Automatic Offload: Data

When offloading a Media Library item, the following data is most critical.

posts (table)

The Media Library uses posts table records with a post_type of “attachment” for storing some basic information about an item. While WP Offload Media rarely uses these records directly, it does rely on the post_id and post_mime_type fields.

The post_id is the unique ID used to tie all the following data together for a Media Library item.

The post_mime_type is critical for setting the “Content Type” of media sent to services like Amazon S3 so the file can be properly downloaded by a browser. Storage services like Amazon S3 are also very picky about the file type and mime type matching when uploading to the bucket, so it is critical that the correct type is used.

_wp_attached_file

The postmeta table record with meta_key of _wp_attached_file denotes the relative path inside the wp-content/uploads/ folder where a Media Library item’s “full size” file can be found.

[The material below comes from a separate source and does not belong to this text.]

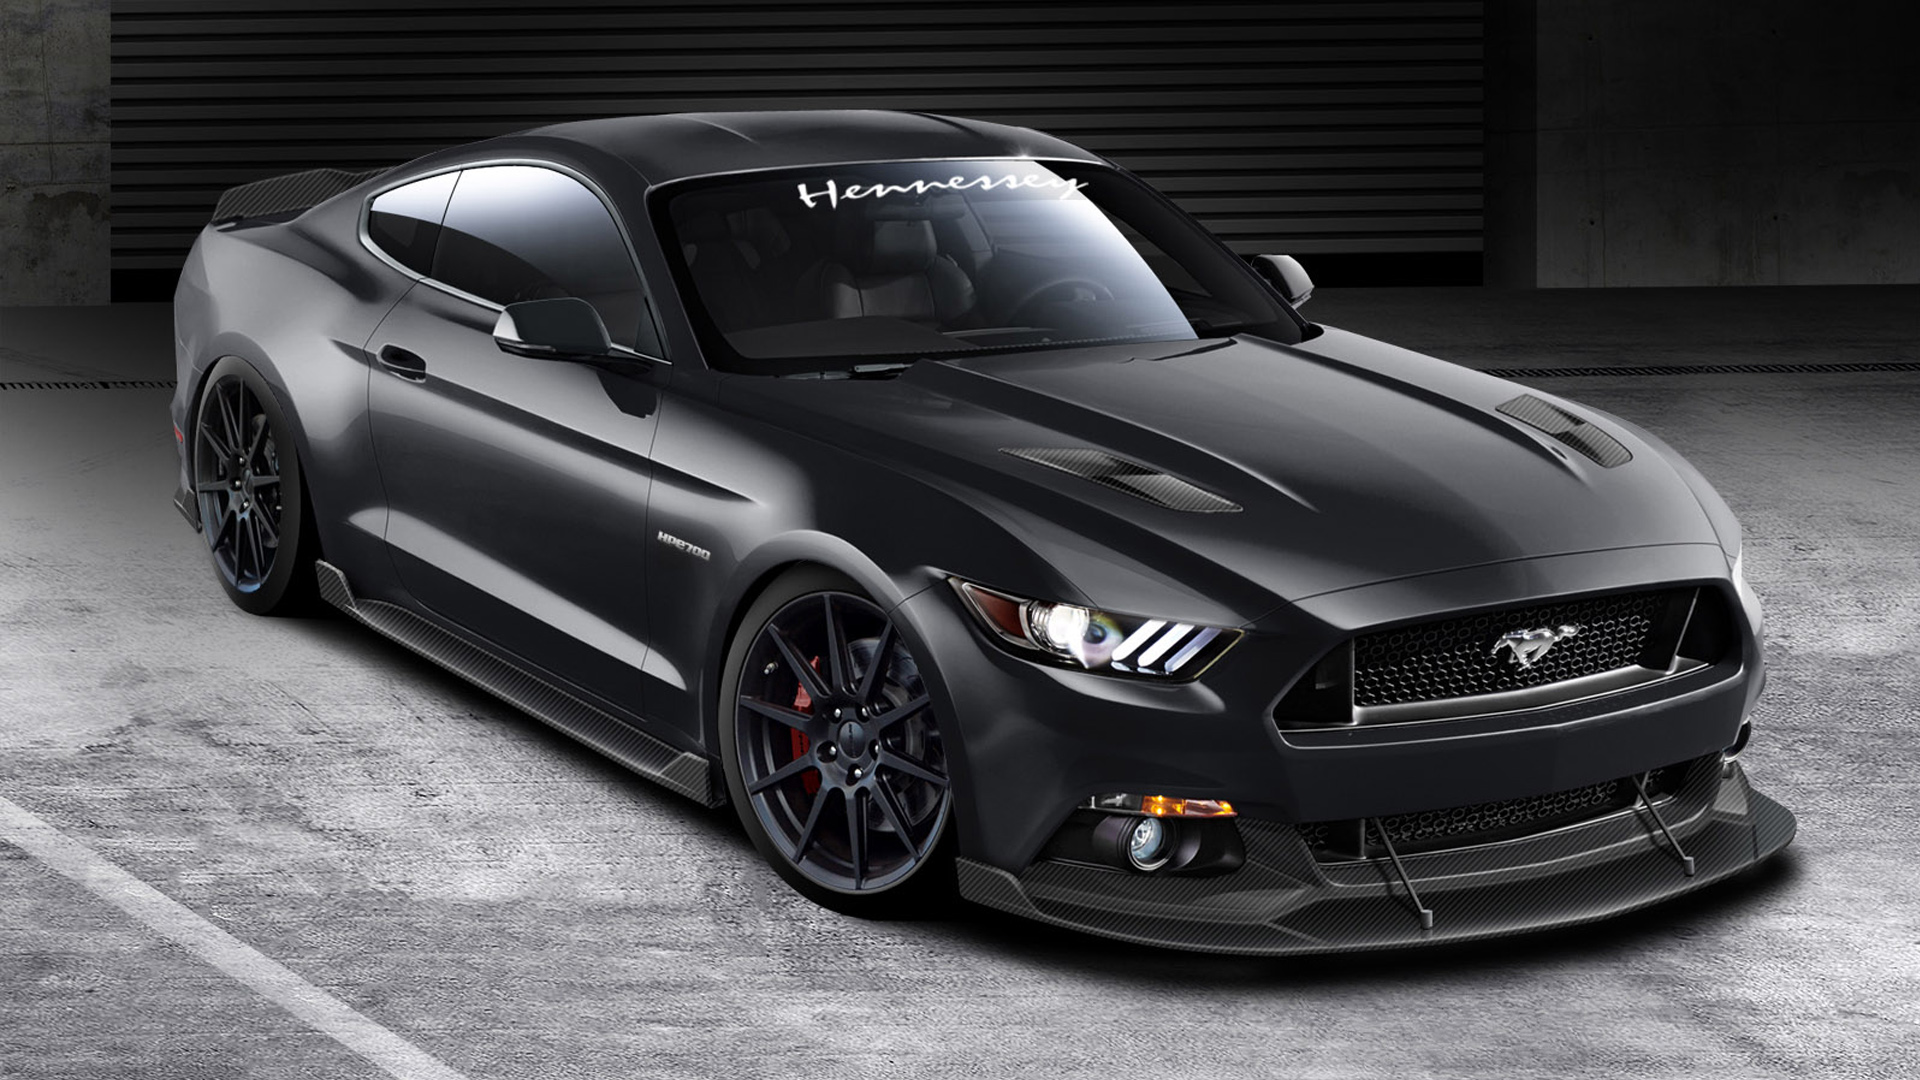  Hennessey Ford Mustang GT Wallpaper HD Car Wallpapers

WP Offload Media relies on this value in order to be able to find a Media Library item’s files on the server and offload them.

If the Media Library is being managed with Year/Month subfolders, then the /YYYY/MM/ part of this record’s value will be used by WP Offload Media when formatting the bucket path and using the Year/Month setting. If no /YYYY/MM/ part is evident, then the post_date from the posts record will be used instead.

_wp_attachment_metadata

The postmeta table record with meta_key of _wp_attachment_metadata holds a serialized multi-dimensional array of information about a Media Library item.

Of particular importance to WP Offload Media is the array of sizes that holds information about what additional files have been generated for an image. This array is updated as each new file is created by WordPress, triggering WP Offload Media to offload it.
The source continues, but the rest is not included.